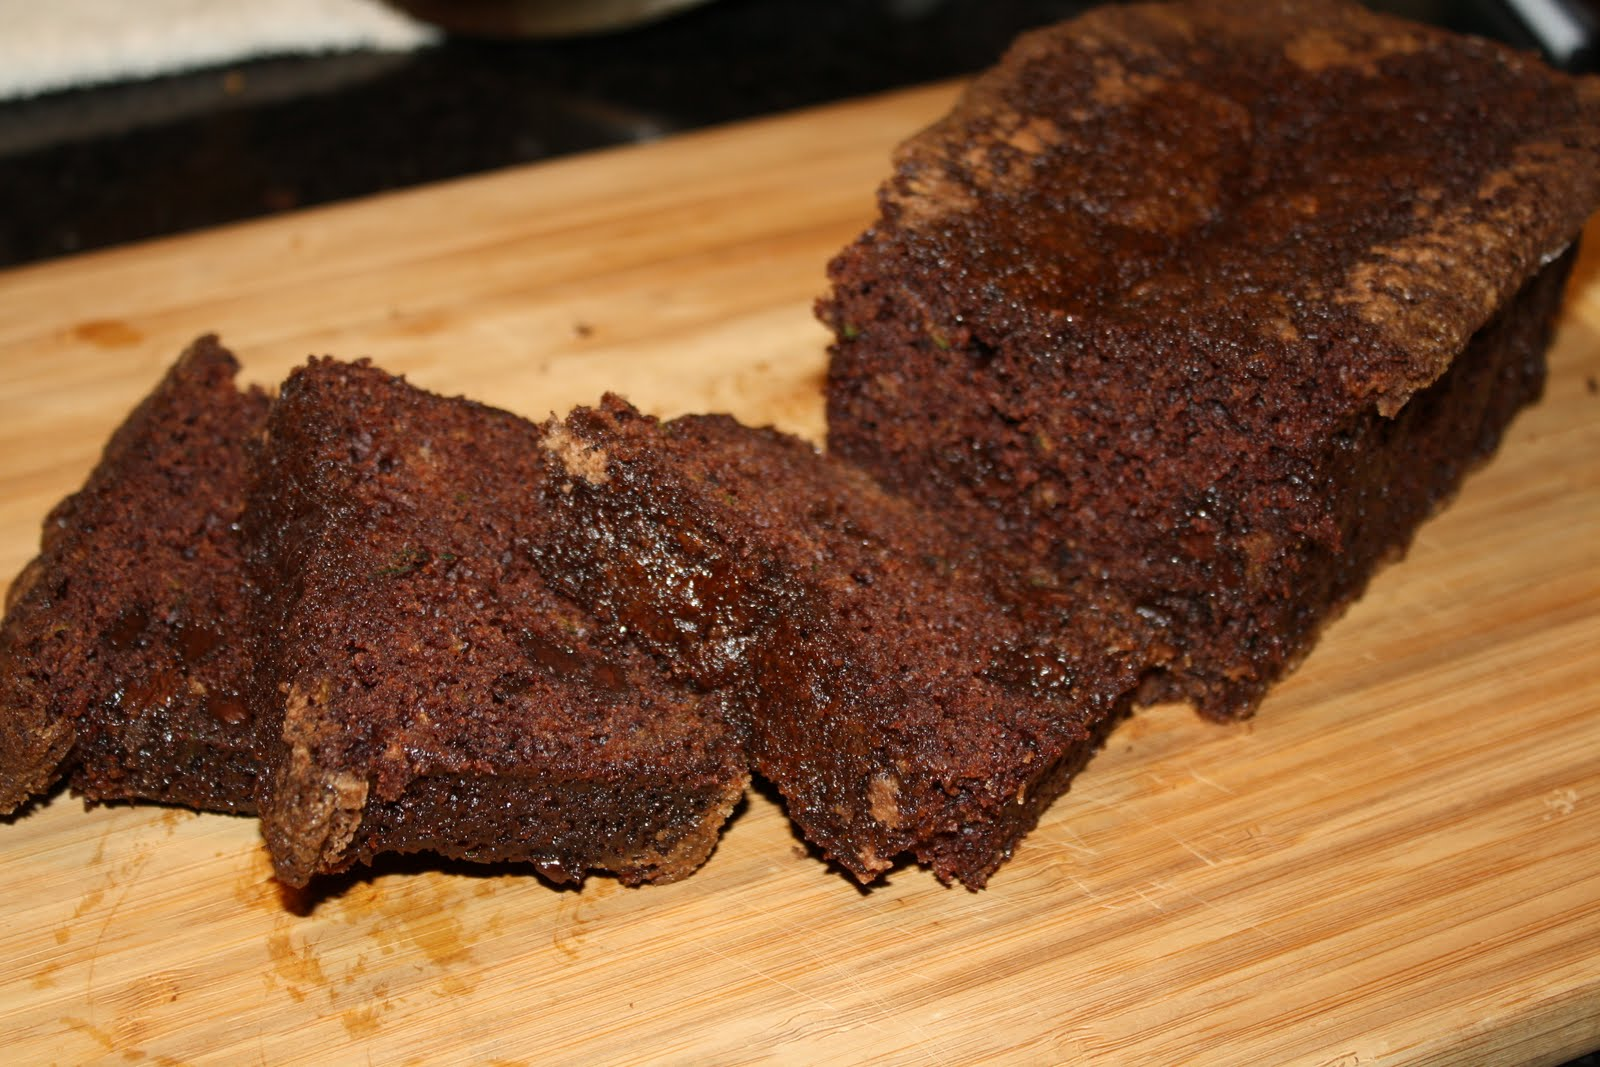 Seasoned with Love: Double Chocolate Zucchini Bread
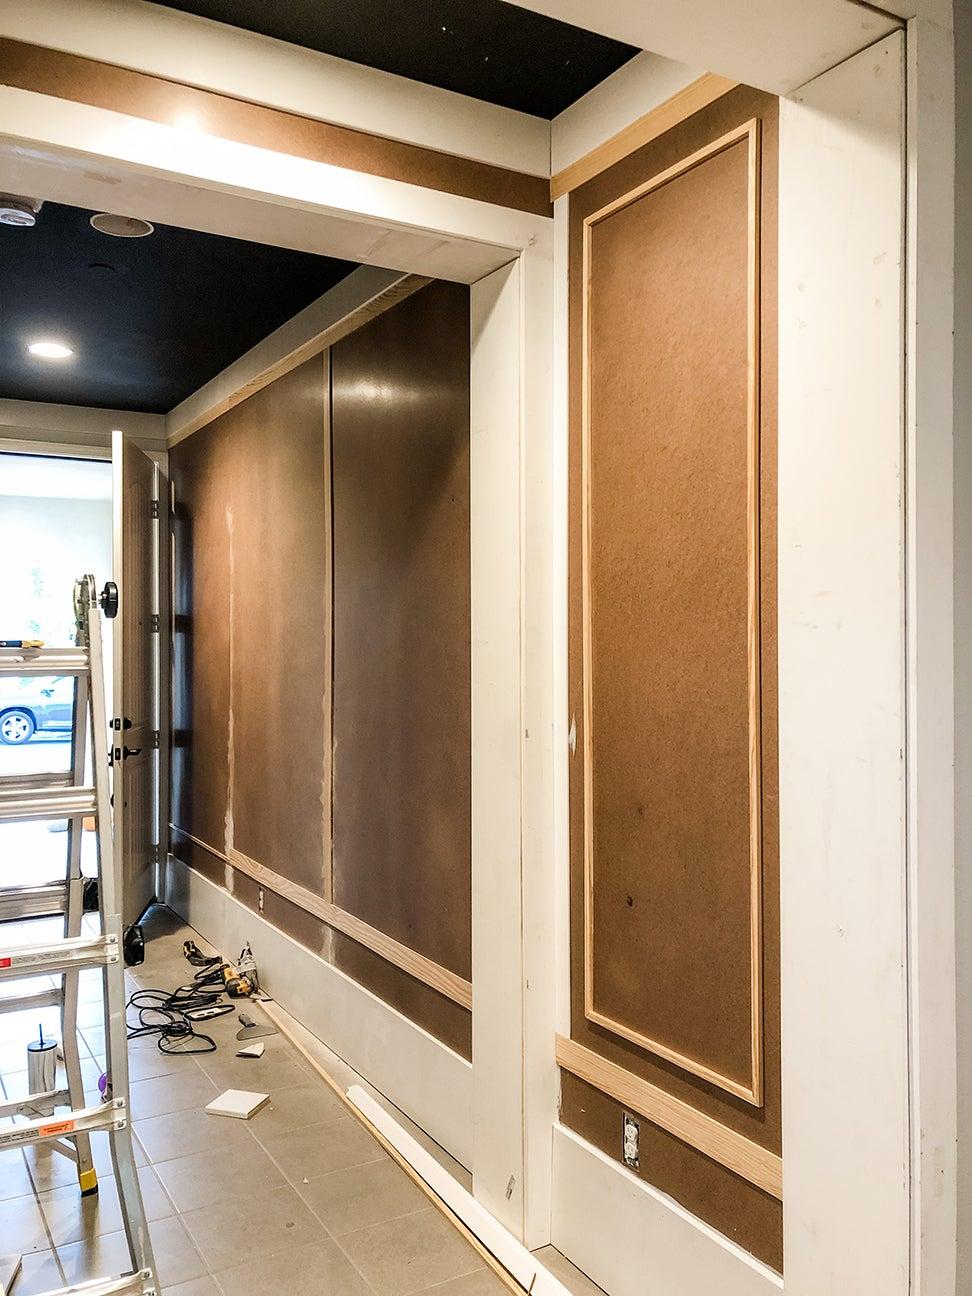 brown wall paneling
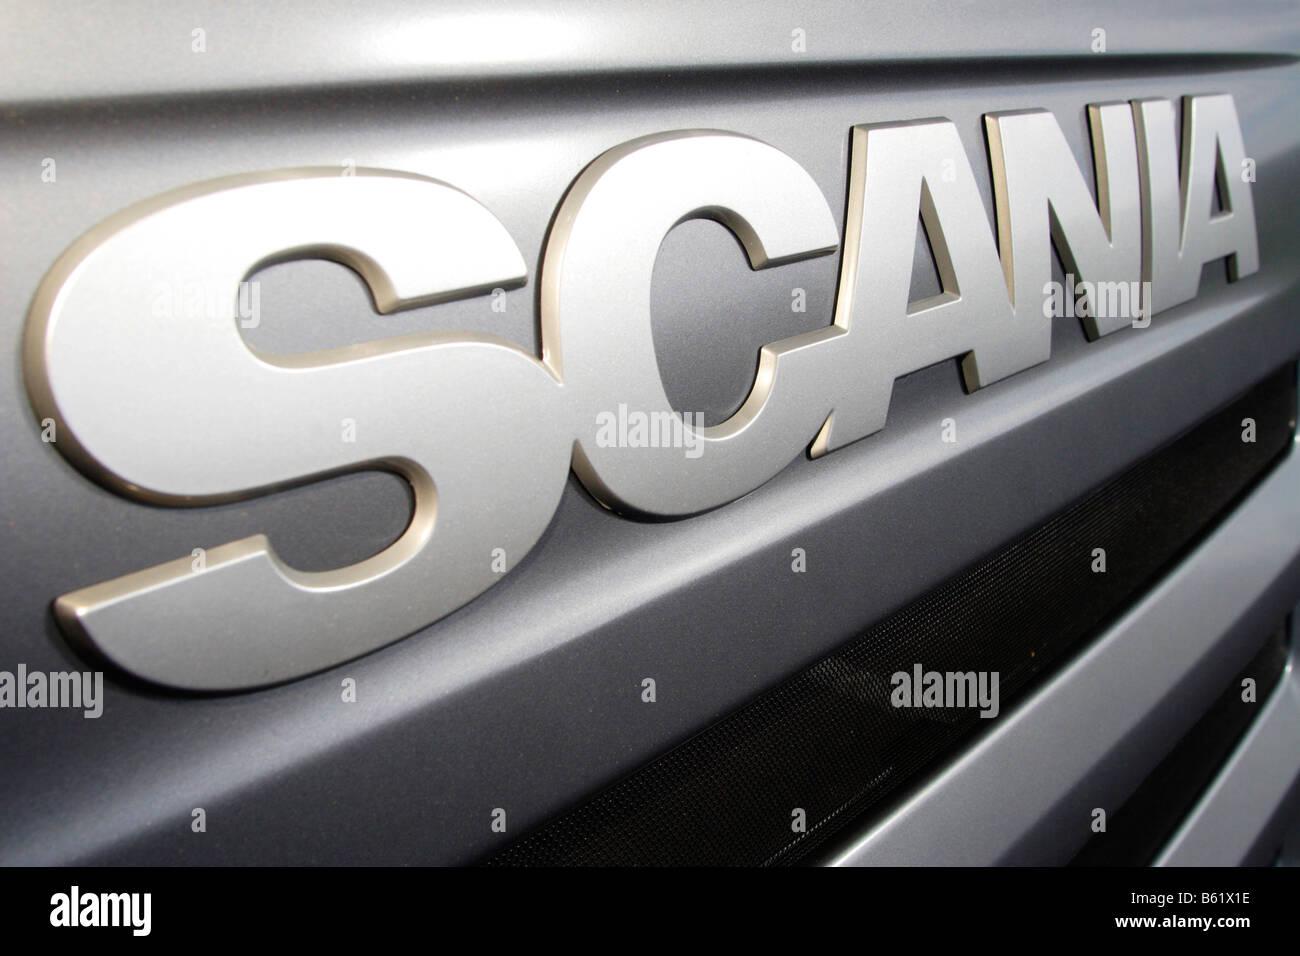 scania truck logo stock photo royalty free image
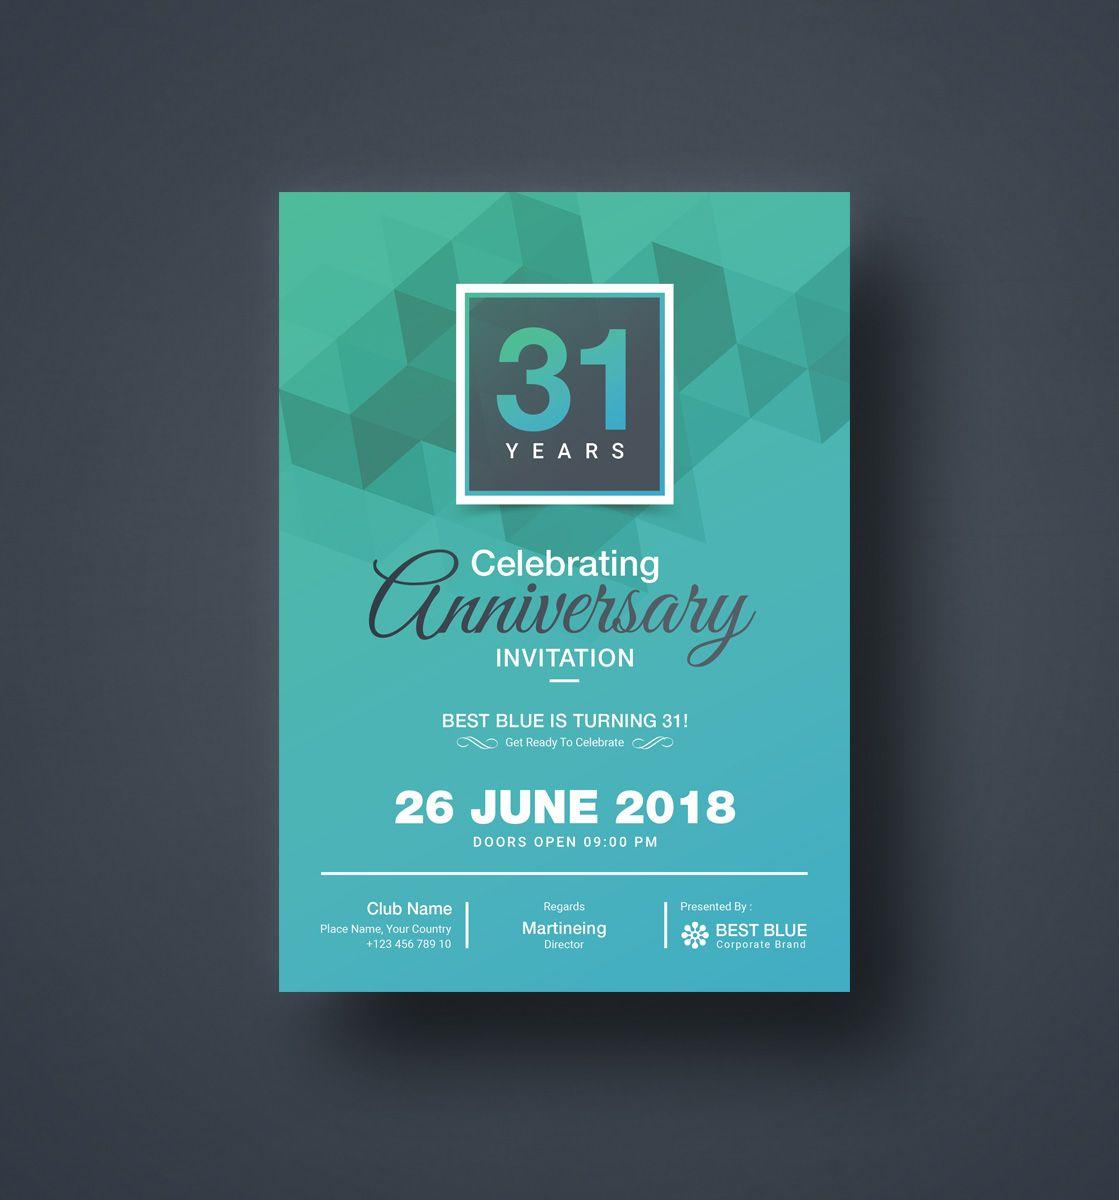 Zeus Elegant Anniversary Invitation Template In 2020 With Images Elegant Anniversary Invitations Anniversary Invitations Business Events Invitation

+ + +

▶ WORK TASK
Where a picture appears in the listing above, skip it and set down all the rest exactly.

▶ FINAL ANSWER
 Seasoned with Love: Double Chocolate Zucchini Bread
 brown wall paneling
 scania truck logo stock photo royalty free image
 Zeus Elegant Anniversary Invitation Template In 2020 With Images Elegant Anniversary Invitations Anniversary Invitations Business Events Invitation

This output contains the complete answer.